Один из таких реалистов — Дэн Сэвидж — ведущий радиопрограмм о любви (“Savage Love”):
Мужчина никогда не был
моногамен. В течение всей человеческой истории у него было или по нескольку
жен, или гетеры, “конкубайнс”: содержанки, любовницы, проститутки… В Америке
еще в начале ХХ века мужья открыто писали о своих любовных похождених в письмах
к братьям своих жен. К концу 60-х годов брак стал союзом равных. Однако вместо
того, чтобы дать свободу женам, мы отняли свободу у мужей и положили в основу
брака ненарушаемую верность. Каковы последствия этой установки? Поздние браки.
Множество кратковременных отношений. Половина браков кончается разводами, и я
думаю, немалая часть разводов объясняется тем, что после первого же адюльтера
люди бегут разводиться — от страха, что нарушили священные законы моногамии. Не
пора ли обществу смягчить свои требования относительно выполнения невыполнимой
седьмой заповеди? Ожидать от супругов счастливой, легко выполнимой,
ненасильственной моногамии — значит накладывать на супружеские отношения
тяжелые путы”[1].
Я нашла фотографию процитированного выше Дэна Сэвиджа — он мог бы стать звездой Голливуда. А готов ли подписаться под его смелым предложением мужчина не с такой победительной внешностью, для которого супружеская верность, возможно, является залогом счастья? Журналист Марк Оппенгеймер в обзорной статье “Женаты и неверны”, опубликованной в журнале “Нью-Йорк таймс мэгезин”, приводит пример спасительности моногамии:
Я отношусь к браку как к
спасенью от хаоса любовных отношений юности. Все эти отношения были такими
путаными, неуверенными, такими соревновательными: чье желание важнее, чье
чувство сильнее, кто первым признается в любви, кто первым уйдет, хлопнув
дверью? Ты все время сравнивал, тебя все время сравнивали… Женитьба расчистила
этот хаос. Сразу оба признались в любви. Собственные желания перестали быть
такими важными и легко подвинулись ради ее желаний. Наступил мир, и душа
освободилась для важных и интересных дел[2].
Однако нет никакого сомнения, что для миллионов женатых мужчин и замужних женщин супружеский мир становится тесен или скучен, или просто утомителен, как любимая, но трудная работа, требующая отпуска. Дэн Сэвидж пишет:
Я думаю, на моногамию надо
смотреть, как на трезвость. Ведь мы не считаем пьяницей человека, который
иногда выпивает? Также мы не должны считать полигамистом супруга и семьянина,
который иногда заведет роман на стороне. Роман отбушует, и супруг вспрыгнет
обратно в свой семейный фургон. Для сохранения долгого и прочного брака нам
нужны небольшие каникулы. Если за 30-40 лет брака оба супруга по нескольку раз
спрыгнут ненадолго с подножки и вернутся назад, это не нарушит их искренней и
преданной моногамии. Наоборот, это может спасти их любовь и брак.

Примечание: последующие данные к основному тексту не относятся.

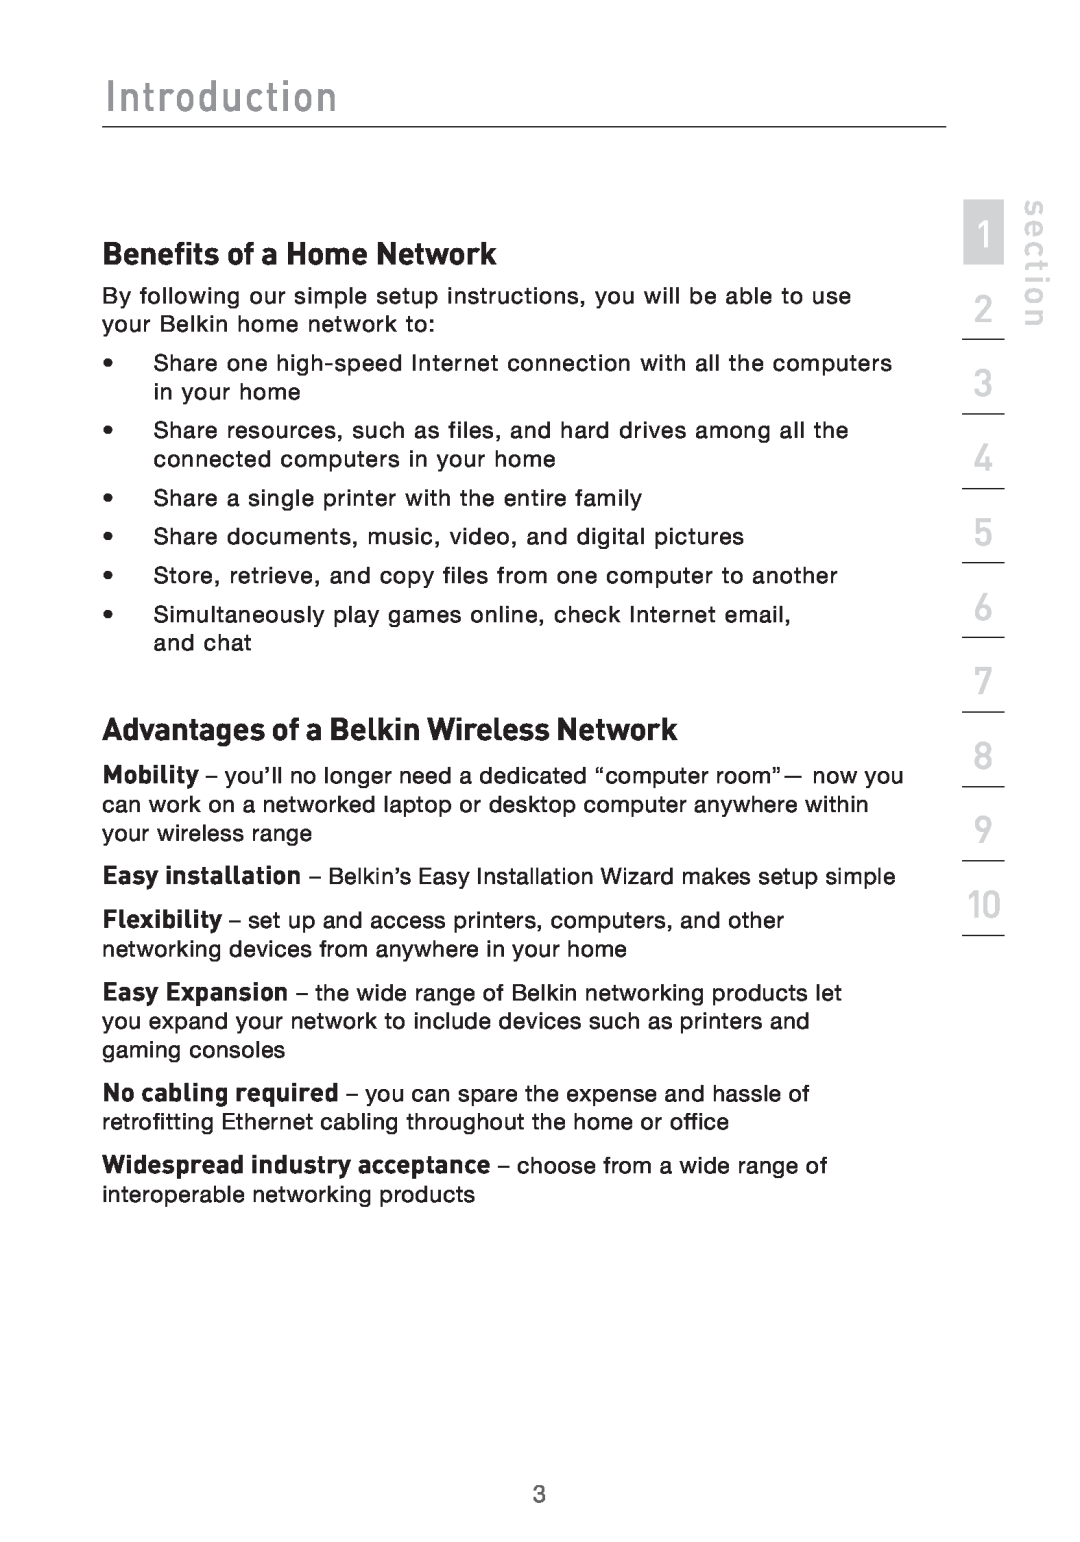 Belkin F5D7632UK4 user manual section, Benefits of a Home Network, Advantages of a Belkin Wireless Network, Introduction

Звучит очень разумно, но не очень реально. Что значат все эти “немножко”, “ненадолго”? Кто будет мерить пределы супружеских отпусков? Как на работе — две недели по распланированному расписанию, — чтобы не сбивать налаженный механизм семьи? Соблюдать справедливую очередность? Просить новую влюбленность повременить до момента, удобного супругу? И опять же — проклятая неизвестность… Журналист Марк Оппенгеймер пишет в статье “Женаты и неверны”:
У кого хватит самоуверенности
не придавать значения мимолетным влюбленностям любимой супруги или супруга?
Какие счастливчики могут быть уверены в том, что партнер вернётся на семейный
корабль? Да даже и в этом случае, какая жена может быть уверена, что муж
вернется на ее корабль просто подвыпившим морячком, погулявшим в
увольнительной, а не жертвой кораблекрушения? Какой муж может быть уверен, что
любимая жена в один из отпусков не найдет кого-то лучше него — что, наверное,
нетрудно. Каникулы могут стать крушением жизни. Я не считаю, что ради этих
страхов надо окружить брак тюремными решетками. Я только хочу сказать, что
нельзя ждать от этой свободы лишь положительных результатов[3].
А с отрицательными результатами каждый день сталкивается практикующий психотерапевт доктор Джанис Спринг, автор книги “После адюльтера. Исцеление боли и восстановление доверия”:
Как правило, тот, кому
изменили, не только утрачивает некую теоретическую идею верности, но теряет
привычное самоощущение и очень часто — самоуважение. До этого вы казались себе
энергичным, привлекательным человеком, достойным любви. И вдруг вы теряете
уверенность в своих достоинствах, уверенность в том, что вы стоите любви.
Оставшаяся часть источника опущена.